A SvelteKit + Cloudflare Pages site, prerendered, with optimized images and minimal third-party JavaScript, hits green CWV without heroics. The work is application-level discipline, not infrastructure magic.
Ready to fix CWV on your site? Email hello@ignax.dev with your URL. I baseline before the call.
Frequently asked questions
What are the current Core Web Vitals targets?
LCP (Largest Contentful Paint) under 2.5 seconds, INP (Interaction to Next Paint) under 200 milliseconds, CLS (Cumulative Layout Shift) under 0.1. These are the 'Good' thresholds in PageSpeed Insights as of 2026. The 'Needs Improvement' range is LCP 2.5–4s, INP 200–500ms, CLS 0.1–0.25. Above those is 'Poor' and Google treats it as a ranking demerit.
Does Cloudflare Pages help Core Web Vitals out of the box?
Yes, mostly. Cloudflare serves prerendered HTML from the edge with sub-50ms TTFB globally, automatic Brotli compression, HTTP/3 by default, and free SSL. The CWV wins come from the edge being close to the user. The losses, when they happen, come from heavy client-side JavaScript or unoptimized images that Cloudflare cannot fix for you, those are application-level issues.
What is the single biggest LCP killer in SvelteKit apps?

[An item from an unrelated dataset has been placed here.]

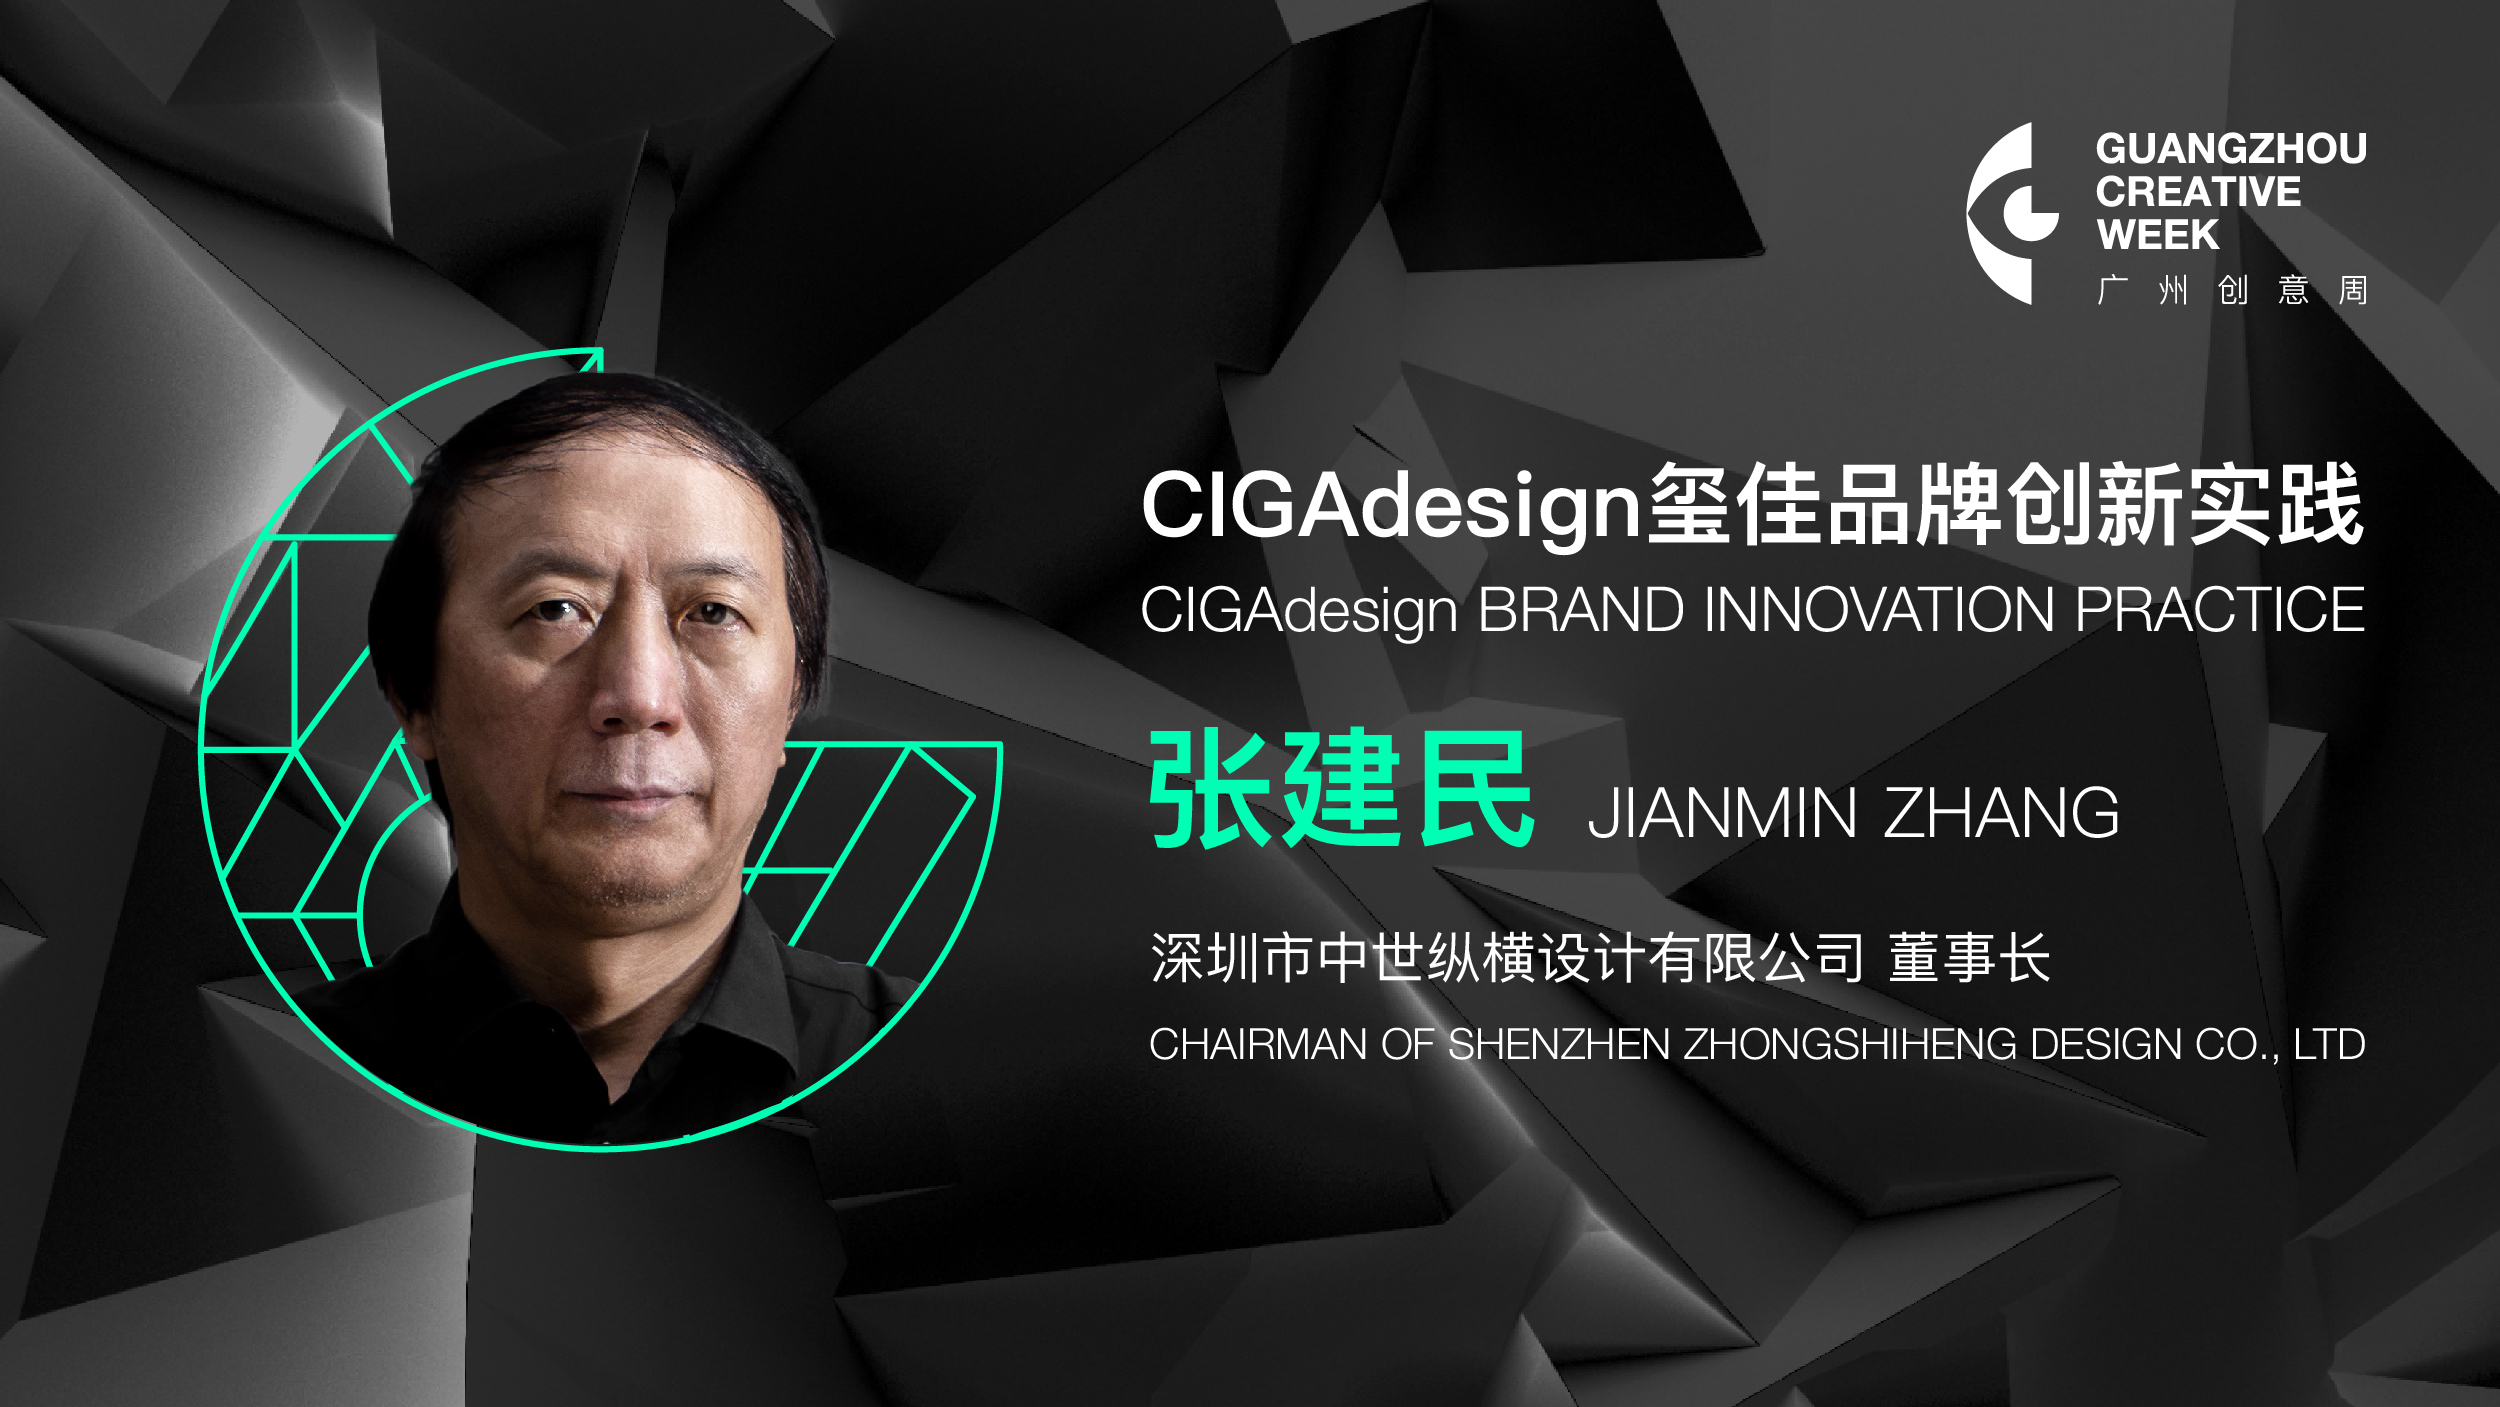 张建民：CIGA design 玺佳品牌创新实践

Unoptimized hero images. A 1.5 MB JPEG hero ships in 3+ seconds even on fast connections. Convert to WebP or AVIF, serve responsive variants, set explicit width and height attributes, and add fetchpriority='high' on the LCP element. That single change typically drops LCP from 3.5s to under 2s on Cloudflare Pages.
How do I measure CWV correctly?
Three tools, three different jobs. PageSpeed Insights runs synthetic Lighthouse and pulls real-user CRUX data, use it for benchmarking. Chrome DevTools Performance Insights runs synthetic on your machine, use it for debugging. The CRUX Dashboard (BigQuery or Looker Studio) shows 28-day real-user trends, use it for monitoring after deployment.

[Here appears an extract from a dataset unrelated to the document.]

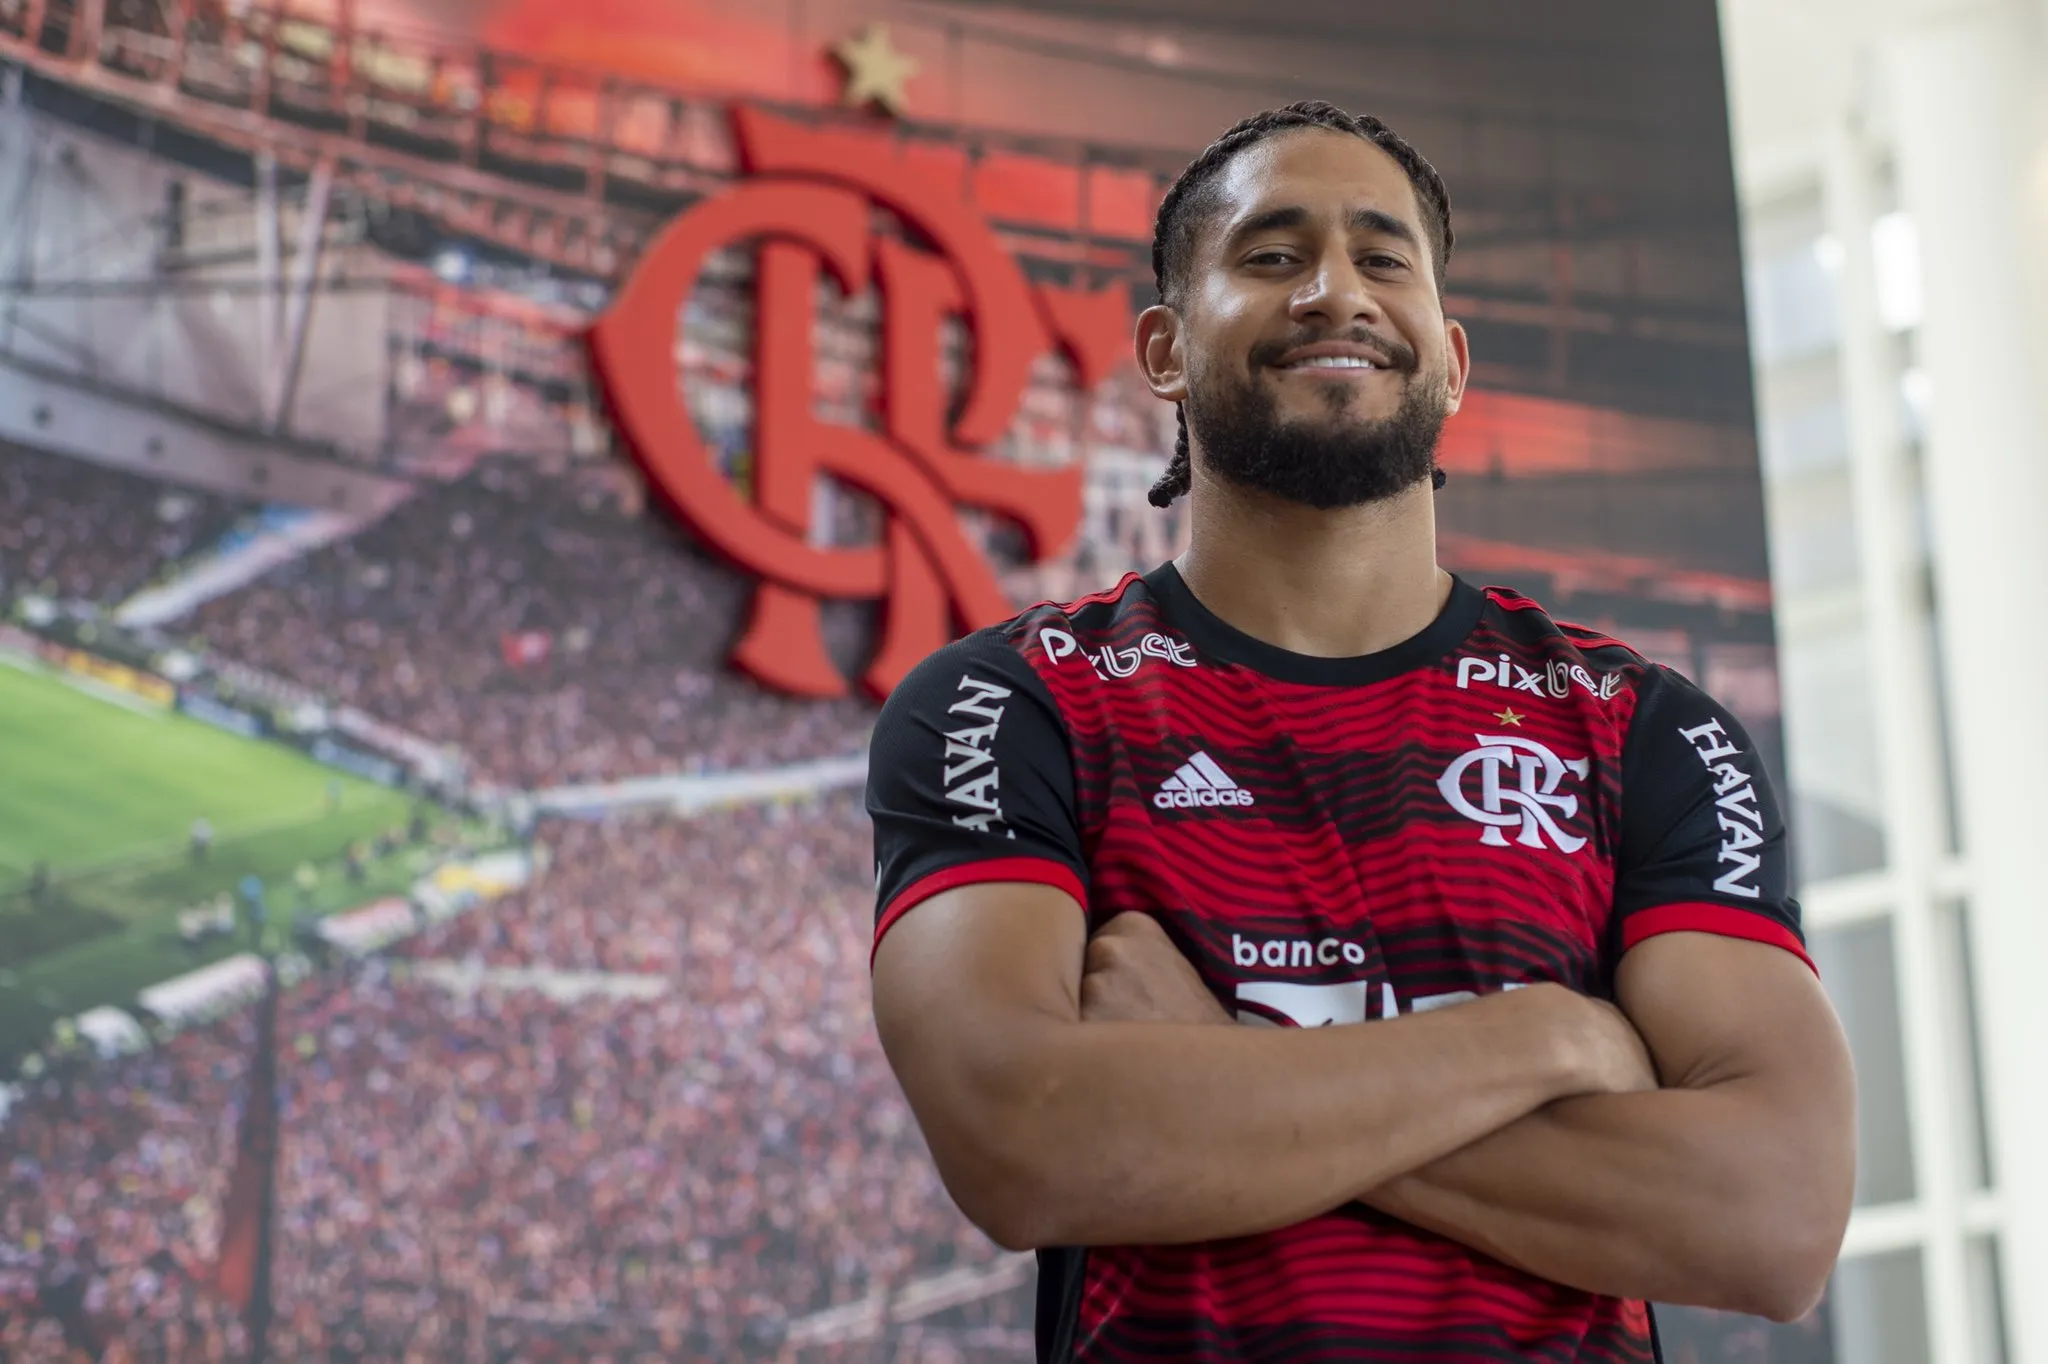 Zagueiro Pablo assinou por três anos com o Flamengo.

Does Cloudflare's Auto Minify still exist?
Cloudflare deprecated standalone Auto Minify in 2024 in favor of Speed Brain and Smart Tiered Cache. SvelteKit handles minification at build time via Vite, so the loss is irrelevant for SvelteKit sites. The Cloudflare optimizations that still matter are Brotli, HTTP/3, Polish for images, and edge caching tuned via the Pages prerender settings.
When should I use Cloudflare Images?
When you need on-demand resizing and format negotiation for user-uploaded content. For static marketing assets (your hero, your portrait, your case study images), shipping pre-built WebP and AVIF variants from the SvelteKit static folder is cheaper and faster than Cloudflare Images. The fee on Cloudflare Images is $5/month plus per-thousand-transformations; not worth it for a marketing site under 1000 images.